This week it’s a double dose of DC as we enter Arkham Manor and take a look at Slade Wilson’s new series: Deathstroke!
Arkham Manor #1 (DC Comics)
The second Batman title for October has been released, and while it’s more Bat-Centric than Gotham Academy, it’s probably going to have its work cut out for it to stand out from the pack. Gerry Duggan and Shawn Crystal’s Arkham Manor has a pretty intriguing plot, but this first issue doesn’t do much with it. In fact, its opening page tells you to read Batman Eternal #30 before reading Manor, which is interesting because Eternal #30 isn’t coming out until next week.
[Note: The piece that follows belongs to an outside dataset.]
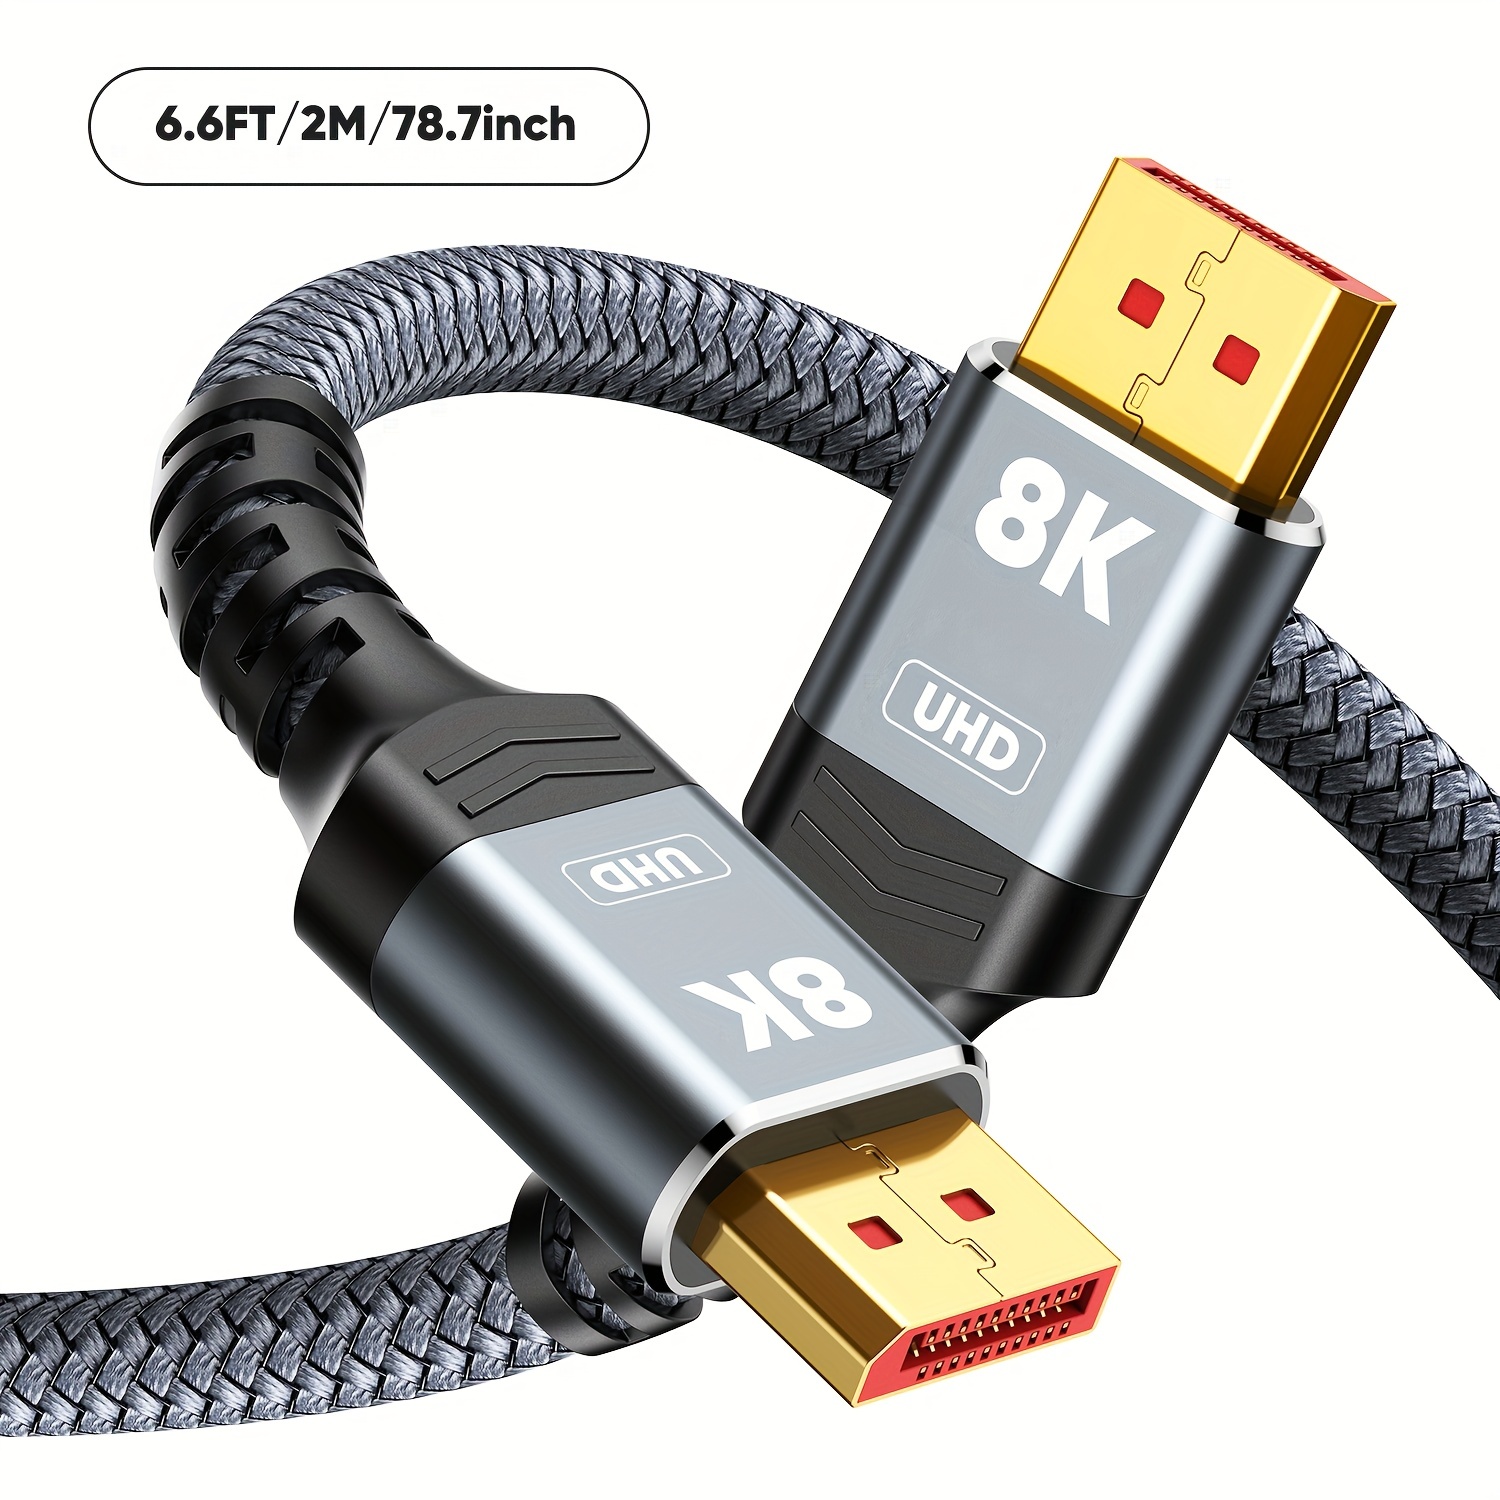  Cable DisplayPort a HDMI 4K de 6 pies, 4K DP (puerto de  pantalla) a HDMI, adaptador de cable trenzado de 6 pies macho a macho,  soporta video y audio (4k, 2160P

The basic twist of Arkham Manor is this: with Arkham Asylum in shambles, Gotham City needs a home for their most depraved minds. The best substitute? Wayne Manor, which, during the course of events in Eternal, has now become State property and is no longer under Bruce Wayne’s control. When a murder occurs at the new facility, Batman makes it his mission to find the person responsible, using a new undercover alias to do so.
You may worry that seeing Deadpool co writer Gerry Duggan’s name as the writer means that the script is one slapstick joke after another. It isn’t. Thankfully Duggan is able to keep things pretty serious for this series, and his voice for Batman isn’t too bad. There are some weird moments here and there with the character, but most of the time his take on the Dark Knight works. Unfortunately this first issue doesn’t really do a very convincing job of explaining exactly why Batman is allowing his childhood home to be turned into the new Asylum. Perhaps this is something that will be picked up on in next week’s issue of Eternal, but for those who are picking this book up and not reading Eternal, it would’ve been beneficial to explain why Bruce Wayne is allowing this to happen (other than just wanting to be able to keep a closer eye on his enemies).
Shawn Ryan’s art is a lot looser than I was expecting it to be. In fact, his art is a bit of a mixed bag to be honest. Some pages look awesome, while others look extremely weird. There were some close ups of Batman that make him look like a character from the Simpsons. His moody style should complement the book well, but unfortunately his art just isn’t up to par in this first issue.
Arkham Manor is off to a rocky start, but it has potential to be something truly unique in the Batman titles. Right now it reads like just another Batman book, but who knows, maybe Duggan is planning on focusing on some of the other inmates of Arkham, which could offer a very dark and disturbing look at the Dark Knight’s world. As of right now though, Arkham Manor feels like any other Batman book on the stands.
Deathstroke #1 (DC Comics)
Deathstroke already had a series when the New 52 started. It wasn’t very good. However, thanks to the character’s popularity on Arrow, he’s getting a second lease on ongoing comic book life. A very bloody, super violent lease on ongoing comic book life. Written and drawn by Tony S. Daniel, Deathstroke #1 one of the most violent “Big Two” books I’ve read, and it’s actually pretty good.
This first issue finds Slade Wilson accepting a contract for a hit in Russia, and starts off like any espionage comic would. There’s the globe trotting adventure, the femme fatale, and nameless goons who are only there to get killed. The whole issue is one insane fight after the other. After the opening set up pages, it never lets up.
Those fight scenes are also really, really brutal. Sword handles impale heads, limbs are cut off, and I’m pretty sure the back of Slade Wilson’s head is blown open by issue’s end. In terms of violence and body count, Deathstroke is like The Raid of comic books.
Tony S. Daniel is a great artist, but in my opinion, was never that good of a writer. However, he’s done a really fantastic job here, so maybe he wasn’t writing the right character before. He’s got a great sense of what motivates Deathstroke, and of course, his action scenes are written extremely well. His art is incredible as always, and many moments in the book made me exclaim “wow”.
Deathstroke #1 was a huge surprise for me. I wasn’t expecting much from Tony S. Daniel, but he absolutely floored me with this. While the ending of this issue is a little strange, I’ll definitely be checking out the second issue to see if Daniels can keep up the intensity.